Sanofi-Aventis: They caution against any further-reaching restrictions of access to injunctive relief, but would like the ministry to provide greater clarity. And in case they get sued, they'd like the interests of patients who need access to their medications to be taken into account.

Japan Business Machine and Information Systems Industries Association (JBMIA): They hate patent trolls, but they want their members (such as Sharp, Sony, Panasonic, Fuji, and Toshiba) to have just the same access to injunctive relief as now. They're apprehensive of anything that would look even remotely like eBay v. MercExchange (though the ministry's first draft is lightyears away from it).

Conclusion

One can see that those seeking to preserve the status quo are better-organized and more outspoken, as opposed to just focusing on association-level consensus building.

Some of those advocating reform mean well, but on average aren't as sophisticated as their rivals.

The pro-reform camp needs a much better statute than the one the ministry proposed, but the ministry officials can (legitimately!) portray the balance of the submissions as validating their approach.
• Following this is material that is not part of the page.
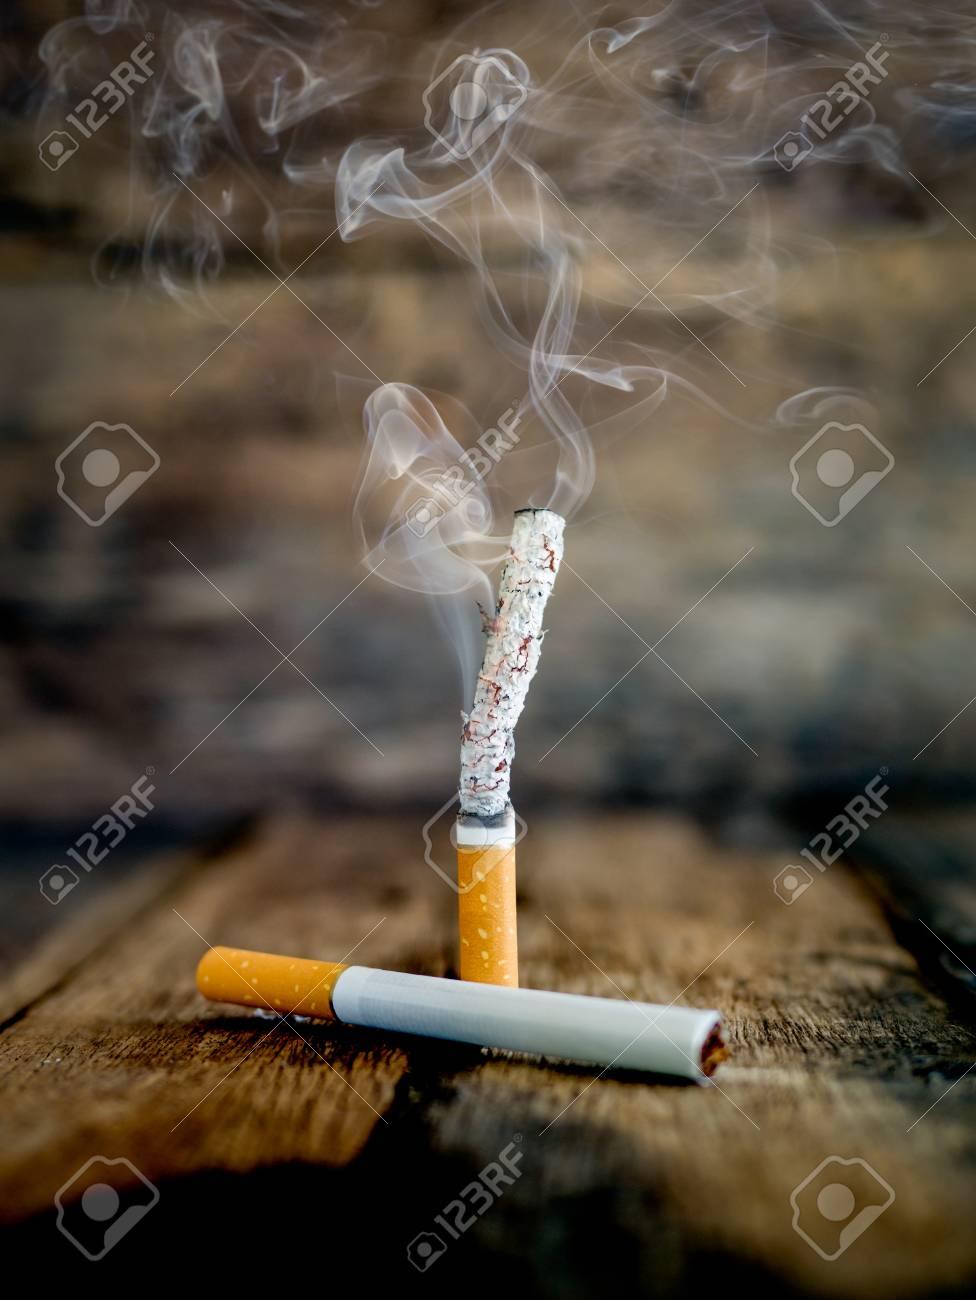 zigaretten toxine hpv virus zdravljenje

That is due to a distortion: in reality, the economic majority wants reform, but it failed to make this clear.

It's too late to orchestrate more (and better) pro-reform submissions, but it would make a huge difference now if some major players could officially subscribe to the Max Planck Institute's stellar submission. Rallying behind that paper is the best shot the pro-reform camp has at this stage. But there is a risk of most if not all of the key players being unable to do so just due to internal rules that are unfit for a patent policy debate in the 21st century.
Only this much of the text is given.